When we talk about what it means to “see yourself onscreen,” the assumption is usually that it’s a good thing when some aspect of your lived experience is reflected back at you by movies and television. But that doesn’t describe the acute embarrassment I felt — alongside reluctant recognition — while watching one particular scene in Boogie. In it, the film’s eponymous main character watches a tape of a 30-year-old tennis match with his dad (Perry Yung), a recording of what Mr. Chin declares “the greatest moment in Asian American history”: 17-year-old Michael Chang winning the 1989 French Open. Boogie — who was born Alfred Chin but prefers going by what he calls his “stripper name” — is a high-school senior and basketball star who was still over a decade from being born at the time of Chang’s momentous win, and he frustratedly tries to argue that surely the years since have had something to offer. What about Yao Ming carrying the flag at the Olympics? Not American, his dad points out. That girl who designed the Vietnam War memorial? Not bad for Maya Lin, but that was still nothing on becoming the youngest male player in history to win a Grand Slam. And, for all their shared obsession with basketball, the Chins junior and senior are united in scorn for Jeremy Lin, who, as Mr. Chin sniffs, “gave the credit to Jesus.”
Boogie is the directorial debut of restaurateur and TV personality Eddie Huang, whose 2013 memoir became the basis of Fresh Off the Boat, a sitcom that he subsequently disavowed for sanitizing the darker aspects of his childhood. This film, about the NBA dreams and domestic struggles of a Taiwanese American Queens teenager, is fiction, but it’s also clearly his attempt to make something grittier than FOB and more true to his perspective. (Huang also cast himself in Boogie as the fast-talking Uncle Jackie, who shows up on occasion to offer advice or dire news about Mr. Chin’s business dealings.) The rebellious main character, played by first-timer Taylor Takahashi, is Huang’s revenge on the Jeremy Lins of the world — with his tattoos, his swagger, and the way he kicks off his courtship of Black classmate Eleanor (Taylour Paige) by staring at her at the gym and then telling her, “You got a pretty vagina.” Somehow this works out for him, maybe because Takahashi — a 28-year-old Japanese American who met Huang through a recreational basketball league — exudes ease onscreen, even if it’s obvious he left his teens behind him a while ago. Boogie is both a vehicle for Huang’s frustrations about the stranglehold of model minority stereotypes and a representation of his fantasy of an Asian American lead — one who fucks (albeit with a burst of late-breaking self-doubt about his dick size) and who plays ball well enough to get the attention of colleges, though not scholarship offers. The pressure is on Boogie because his family can’t afford to pay for school otherwise.
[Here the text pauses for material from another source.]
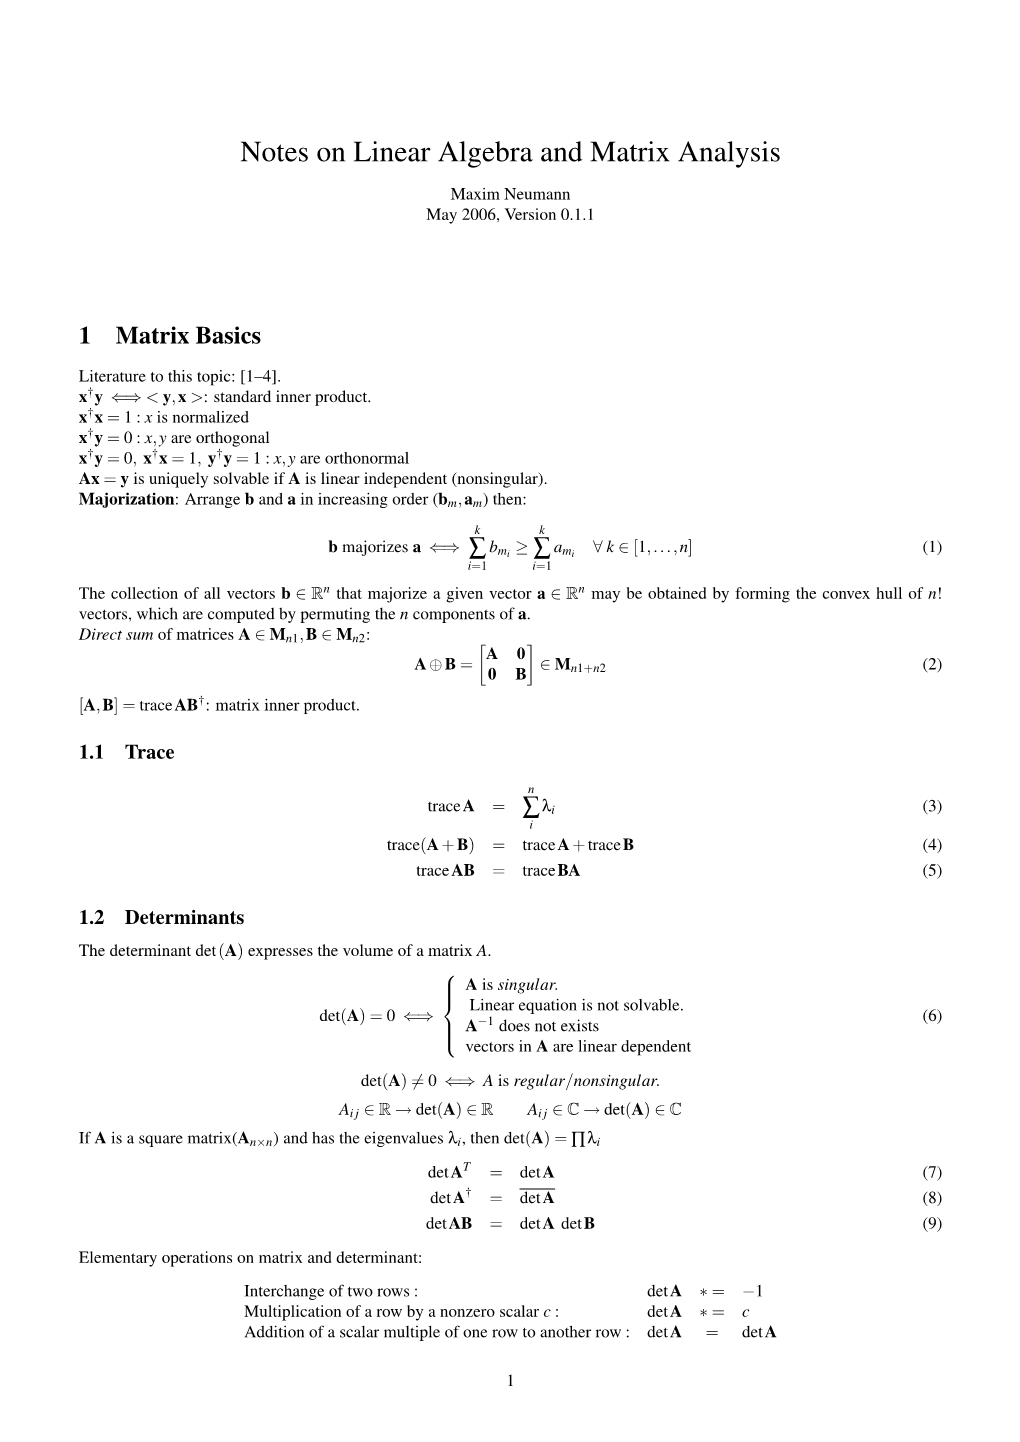 Notes on Linear Algebra and Matrix Analysis

As his mom’s (Pamelyn Chee) fretting makes clear, they can’t even afford to pay their own household bills.
Both Huang and I are children of the ’80s, closer in age to Boogie’s dad than we are to Boogie himself. As a half-Chinese kid growing up in the Bay Area suburbs, I knew nothing about tennis but kept tabs on Michael Chang anyway, the way I did (and still do) have a running awareness of every mixed Asian actor in the business. What’s at the heart of this impulse isn’t just that desire to see yourself, but a longing for secondhand hipness, for clout — a yearning that may be juvenile, but one that’s nevertheless powerful. It’s powerful enough in Huang that he never really grew out of it. To watch Boogie is to wonder if, for Huang, the hardest part of the Asian American experience is being perceived as uncool. Perhaps that’s why he allows Mr. Chin to bulldoze over whatever perspective the film’s Gen-Z protagonist might have: Huang seems to hold humiliatingly fast to his own formative memories of Chang’s triumph on a global stage while ignoring the fact that Chang has less in common with Boogie than he does with Jeremy Lin, who Boogie dismissively describes as “more model-minority Jesus freak than he is Asian.” There is a maddeningly unconsidered quality to Boogie’s emotions about Asian American masculinity, and never more so than in the film’s fraught relationship with Blackness.
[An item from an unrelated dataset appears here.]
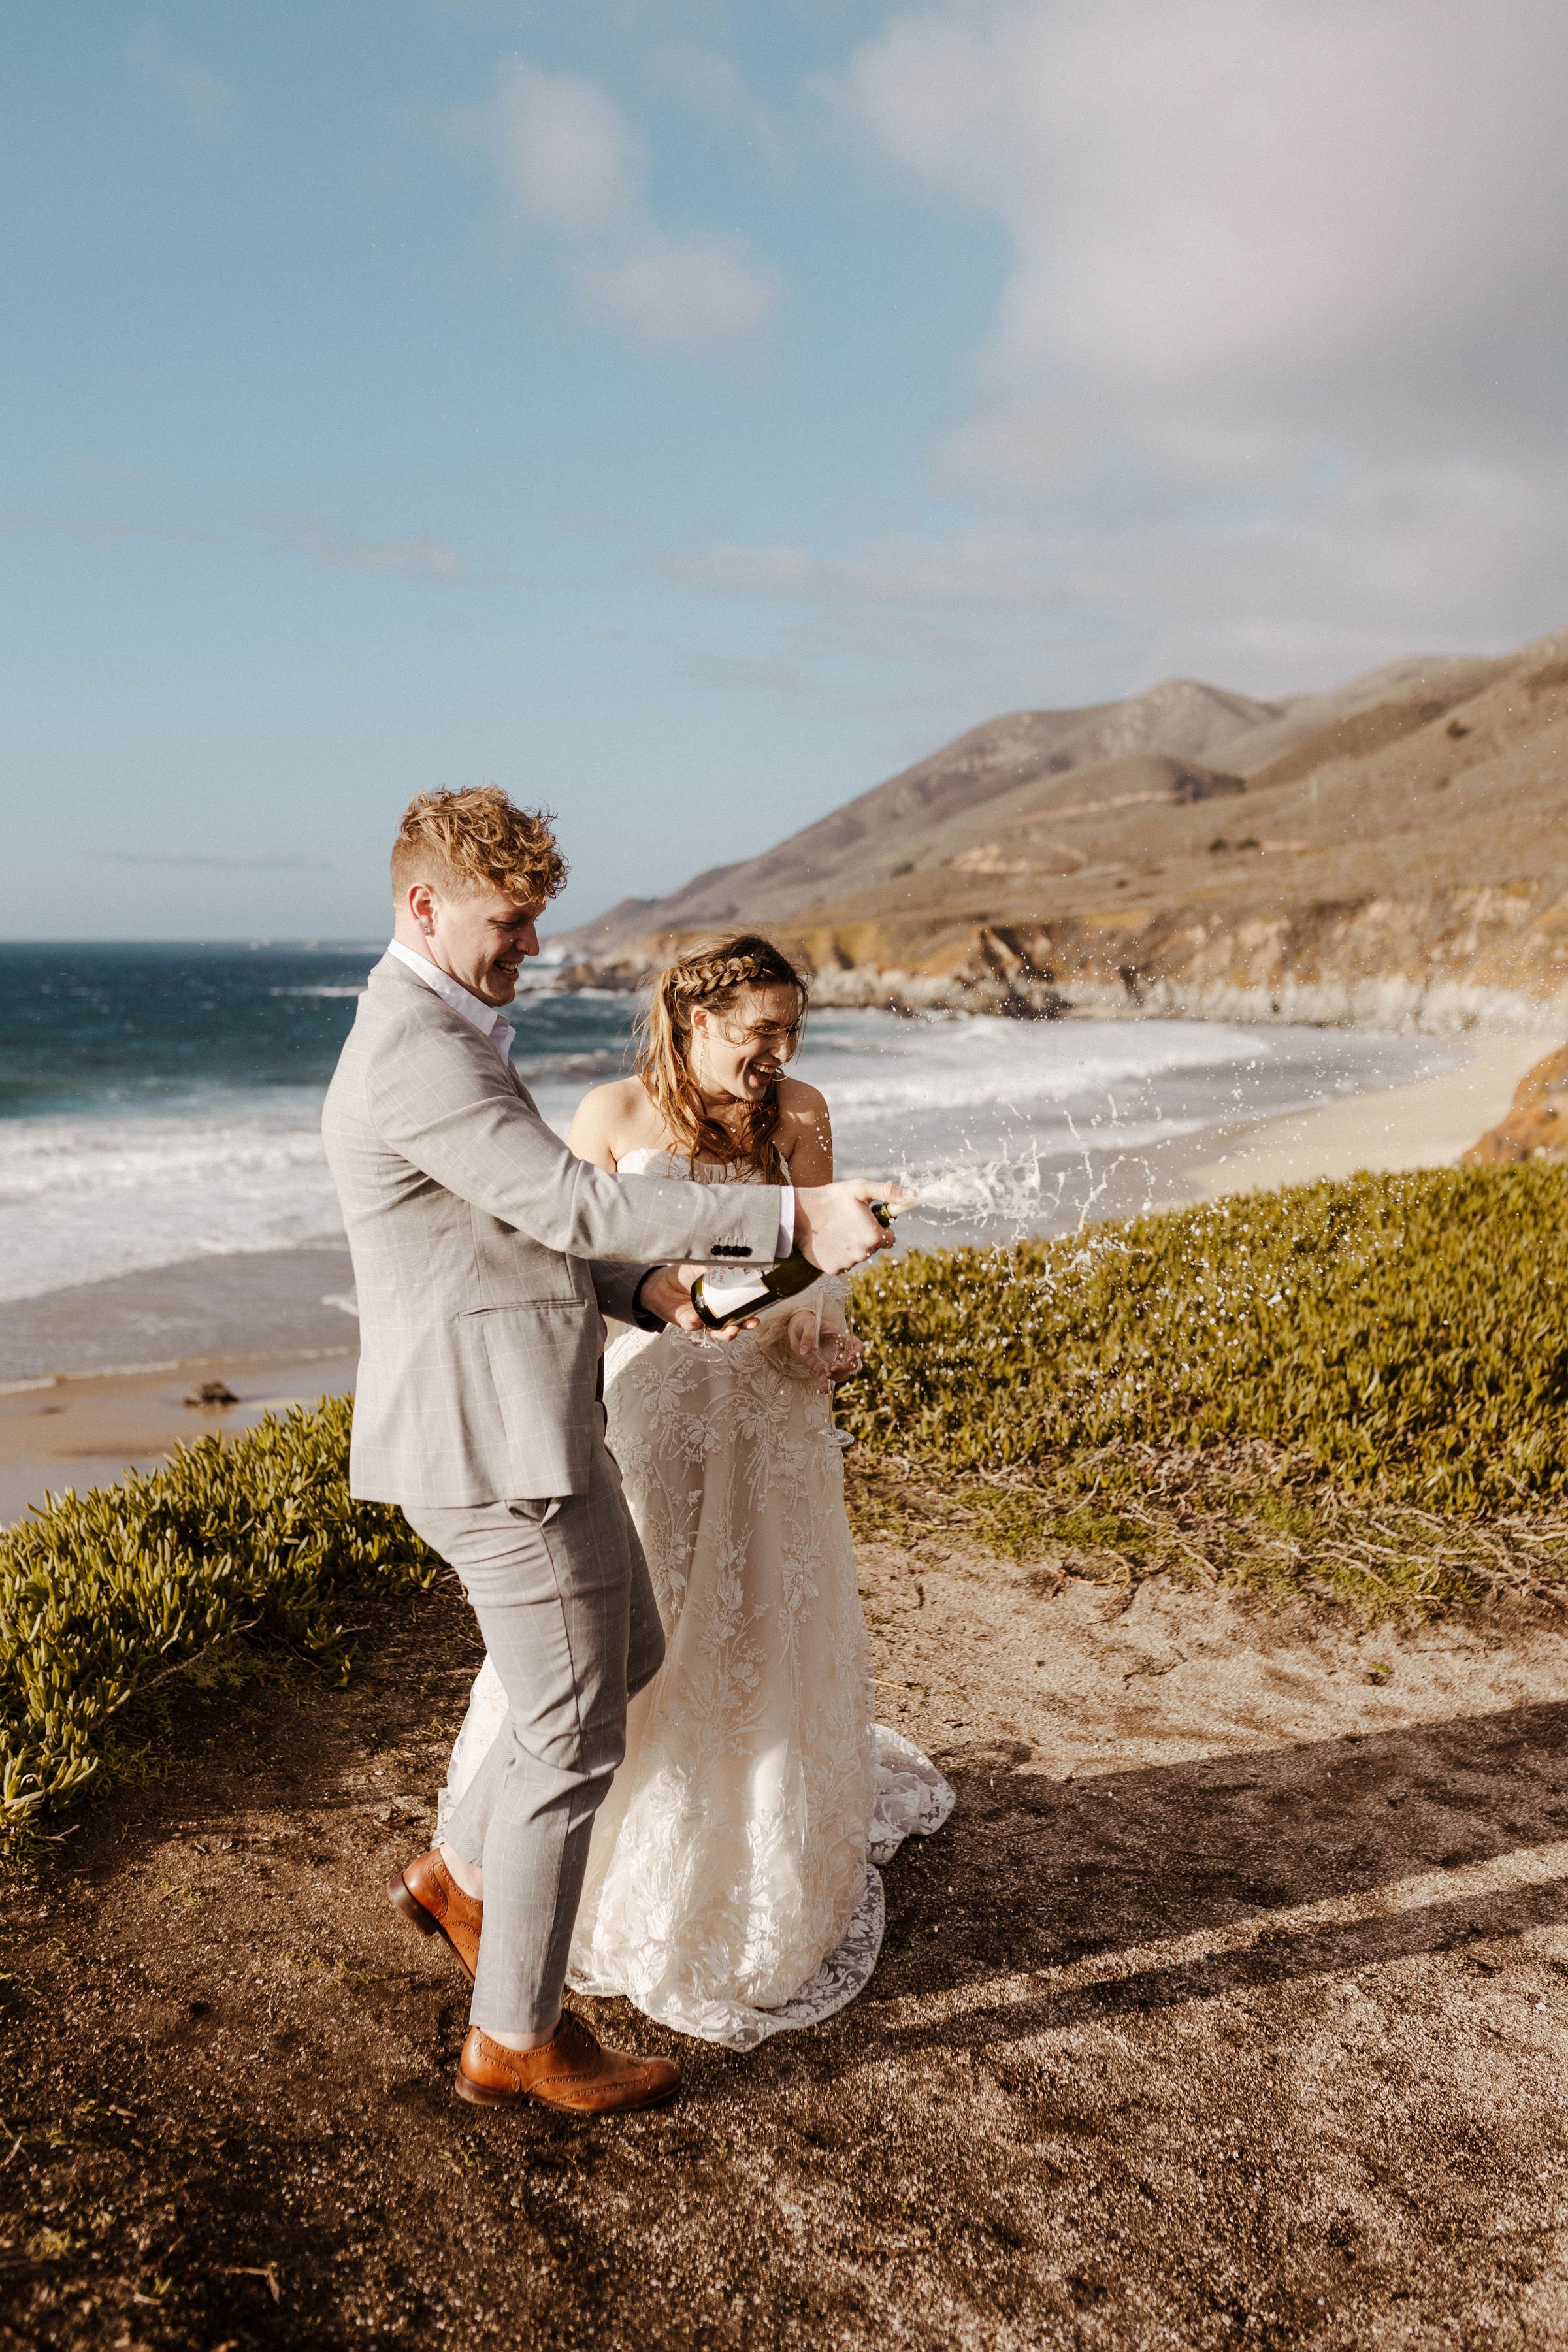 romantic bottle popping moment with the wedding couple in this oceanside elopement styled shoot

Boogie is set in the Chinese enclave of Flushing, but it’s Blackness against which the main character feels the need to measure himself. In theory, the dramatic tension in the story has to do with Boogie getting a scholarship, but in practice, it’s displaced onto whether Boogie can prove himself by beating the best player in the city, whose name is Monk, and who’s played by Pop Smoke in the late rapper’s first and only acting role. It’s not a part that involves much dialogue because Monk serves more as a symbol of Boogie’s (and Huang’s) insecurities than a character. Boogie stares Monk down through the chain-link fence surrounding the court on which Monk reigns supreme and almost destroys his budding relationship with Eleanor after finding out that Monk was her previous sexual partner. If Boogie has contempt for those it sees as aspiring toward white adjacency, it regards Blackness with a roiling mixture of covetousness and resentment. In the same way that Boogie and his father agree that beating Monk is somehow the solution to the fact that “no one believes in an Asian basketball player,” Boogie feels the need to stress to Eleanor that she will never understand what it’s like to have parents hold their sacrifices over your head. She has to remind him that she contends with her own racial trauma. It’s not a scene about seeking common ground; it’s a one-directional demand for acknowledgement of pain.
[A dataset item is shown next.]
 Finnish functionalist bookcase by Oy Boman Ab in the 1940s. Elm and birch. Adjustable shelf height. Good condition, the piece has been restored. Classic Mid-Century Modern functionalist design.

And certainly, especially in this moment of surging violence against Asians and Asian Americans, there’s something understandable about that desire to be seen and to have experiences of bigotry, marginalization, and immigrant struggles recognized. It’s too bad Boogie is so limited in its conception of what that pain entails that its main character’s anguish tends to veer more toward self-pity than anything broader. In Boogie’s defining speech, its protagonist bemoans the lack of imagination going into beef and broccoli, a classic Chinese American takeout dish that, as he sees it, Italians and Greeks and other cultures all have their own variations on. Beef and broccoli has sustained neighborhoods, Boogie allows, but it amounts to another means of discounting his community. “Chinese people could be so much more if this country didn’t reduce us down to beef and broccoli,” he concludes, a line that reads as astoundingly corny as it is sincerely meant.
Boogie may be centered on a teenager who was born in the 2000s, but its ideas about Asian American identity and being Chinese in America are vague, squarely from a few decades before, and don’t feel like they’ve undergone much examination in the time that’s passed since. Whatever desire to get real that the film was born out of, it ultimately feels like a sign that it’s time to do some growing up.